COLLECTED MATERIAL:
===============

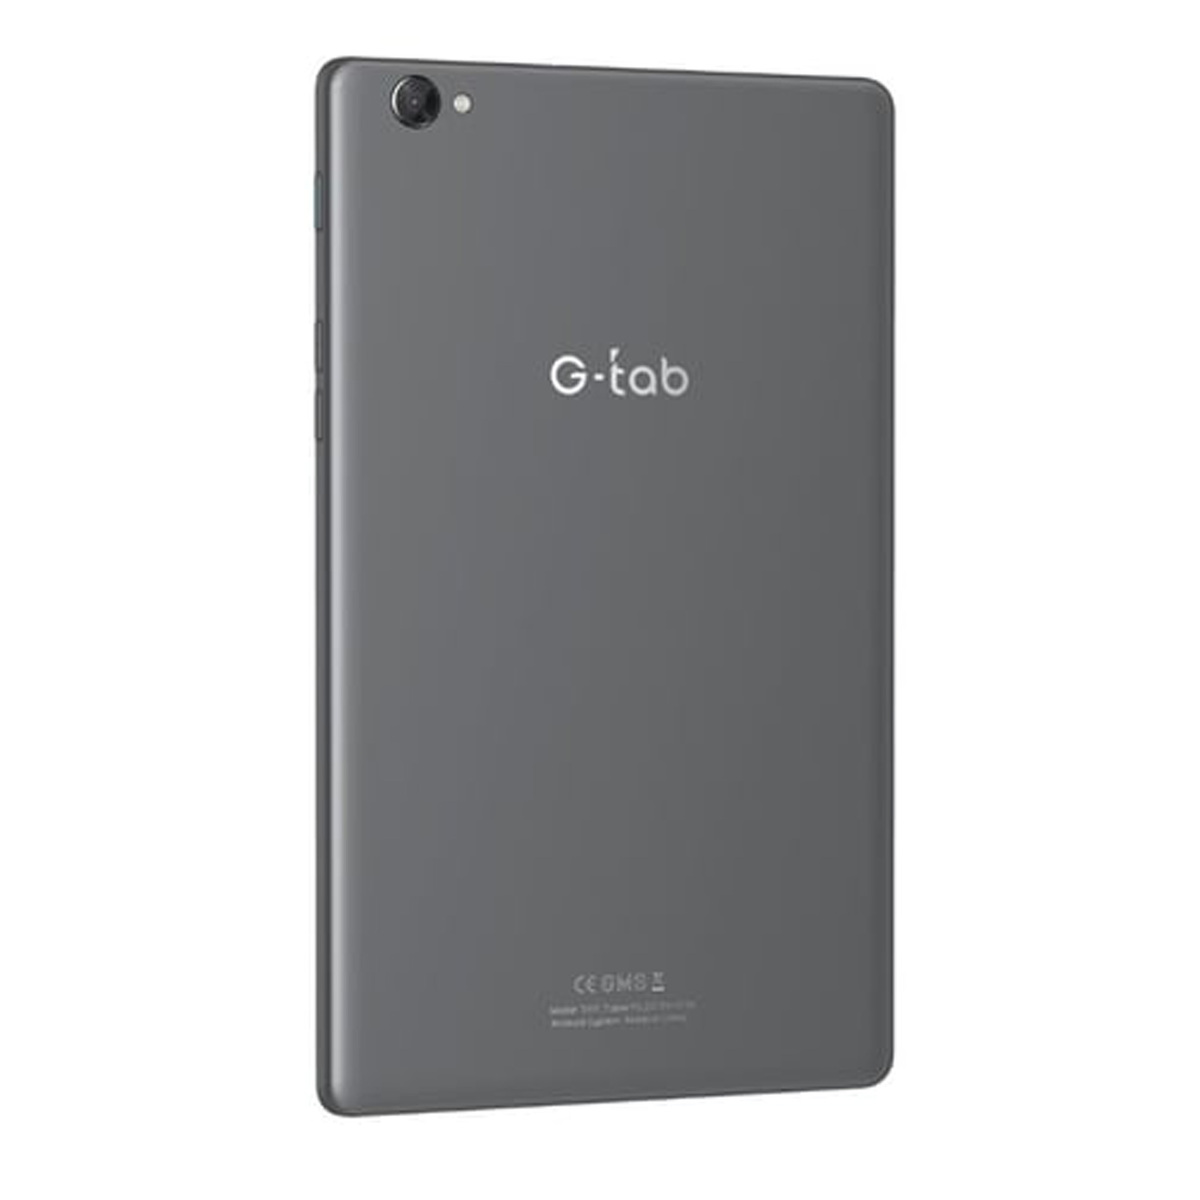 Gtab S8X 4G Tablet, 8 inches Display, 3 GB RAM, 32 GB STORAGE, Gray
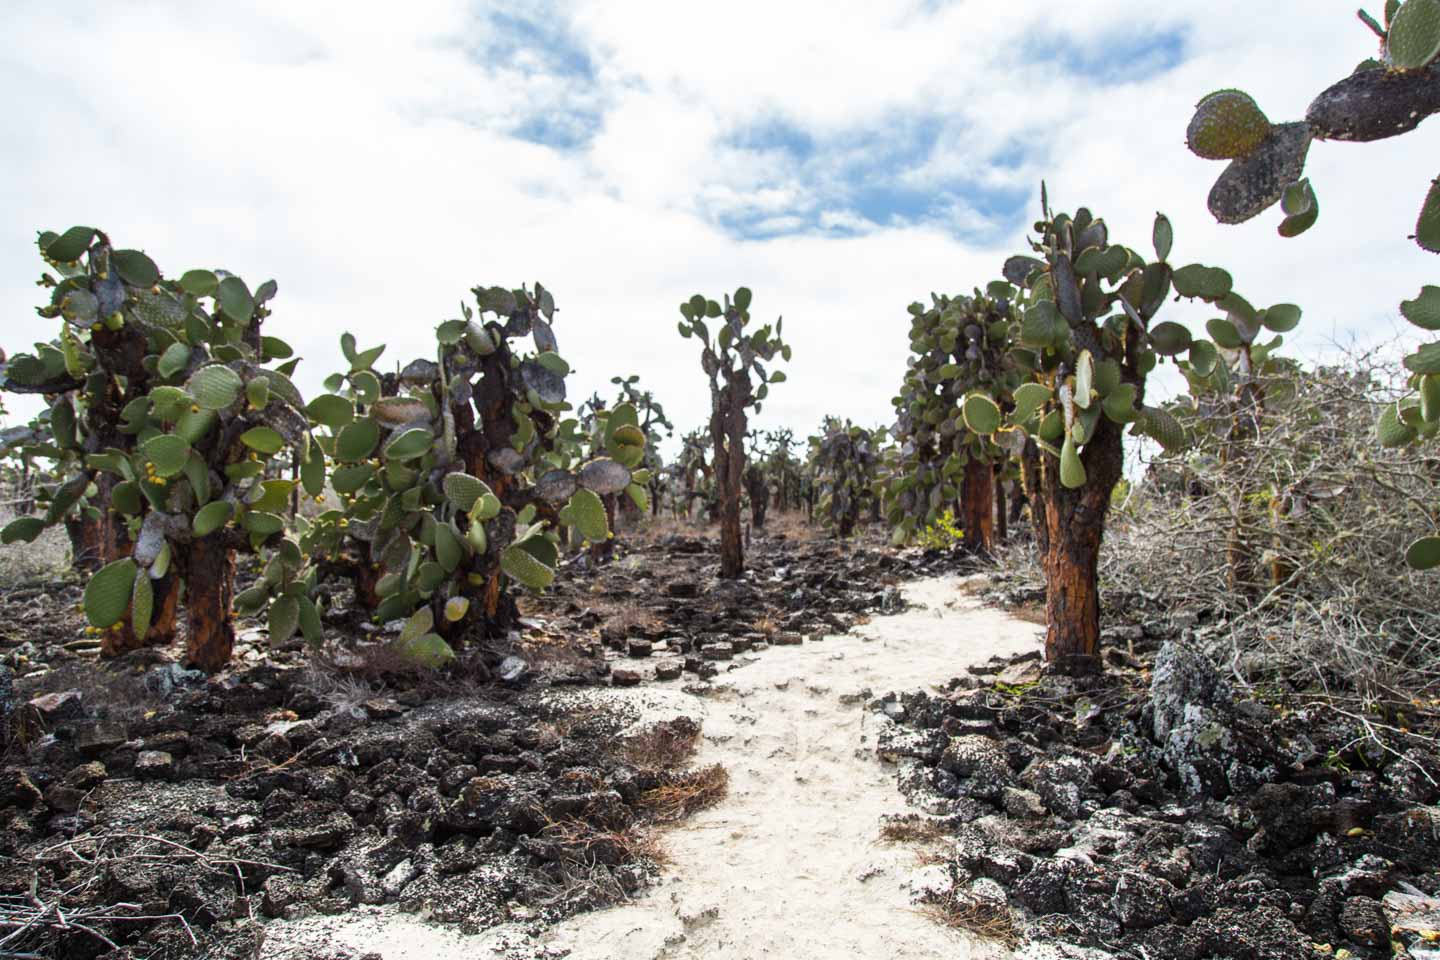 Sandy path along the prickly pear cacti and lava rocks, Tortuga Bay, Santa Cruz Island, Galápagos Islands, Ecuador
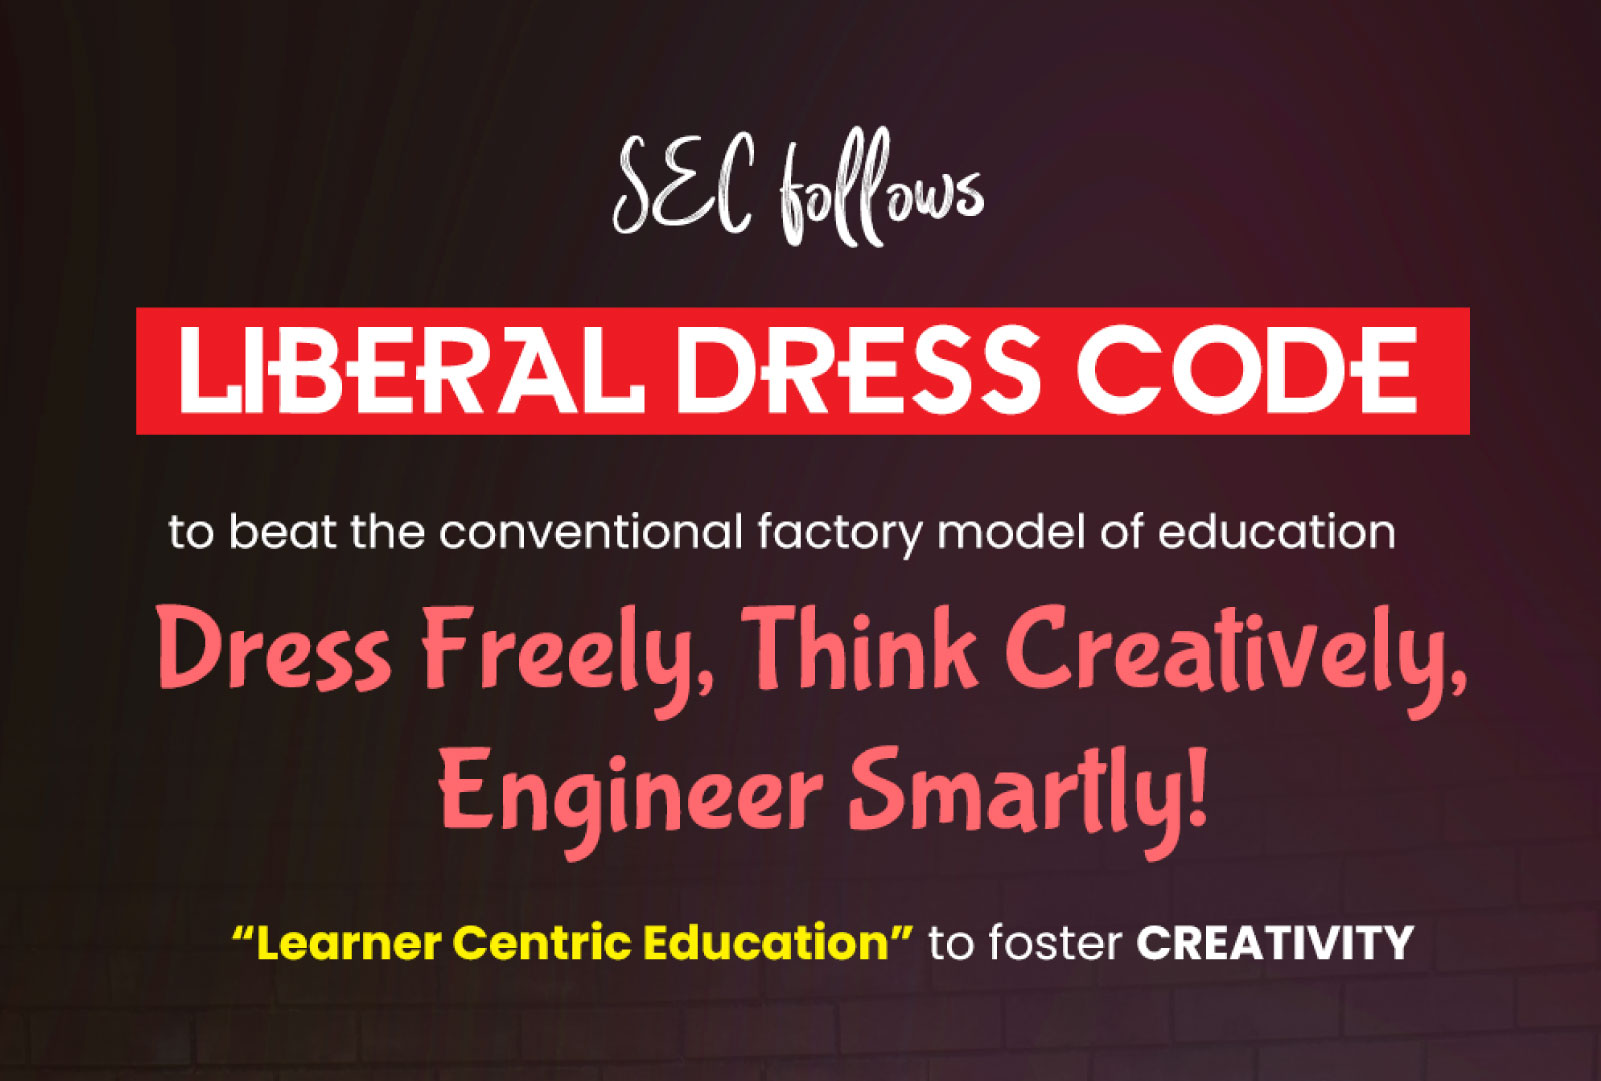 Liberal Dress Code 2

===============

PROBLEM STATEMENT:
Only the pictures are to be left out; print everything else in the listing exactly.

SOLUTION BELOW:
 Gtab S8X 4G Tablet, 8 inches Display, 3 GB RAM, 32 GB STORAGE, Gray
 Sandy path along the prickly pear cacti and lava rocks, Tortuga Bay, Santa Cruz Island, Galápagos Islands, Ecuador
 Liberal Dress Code 2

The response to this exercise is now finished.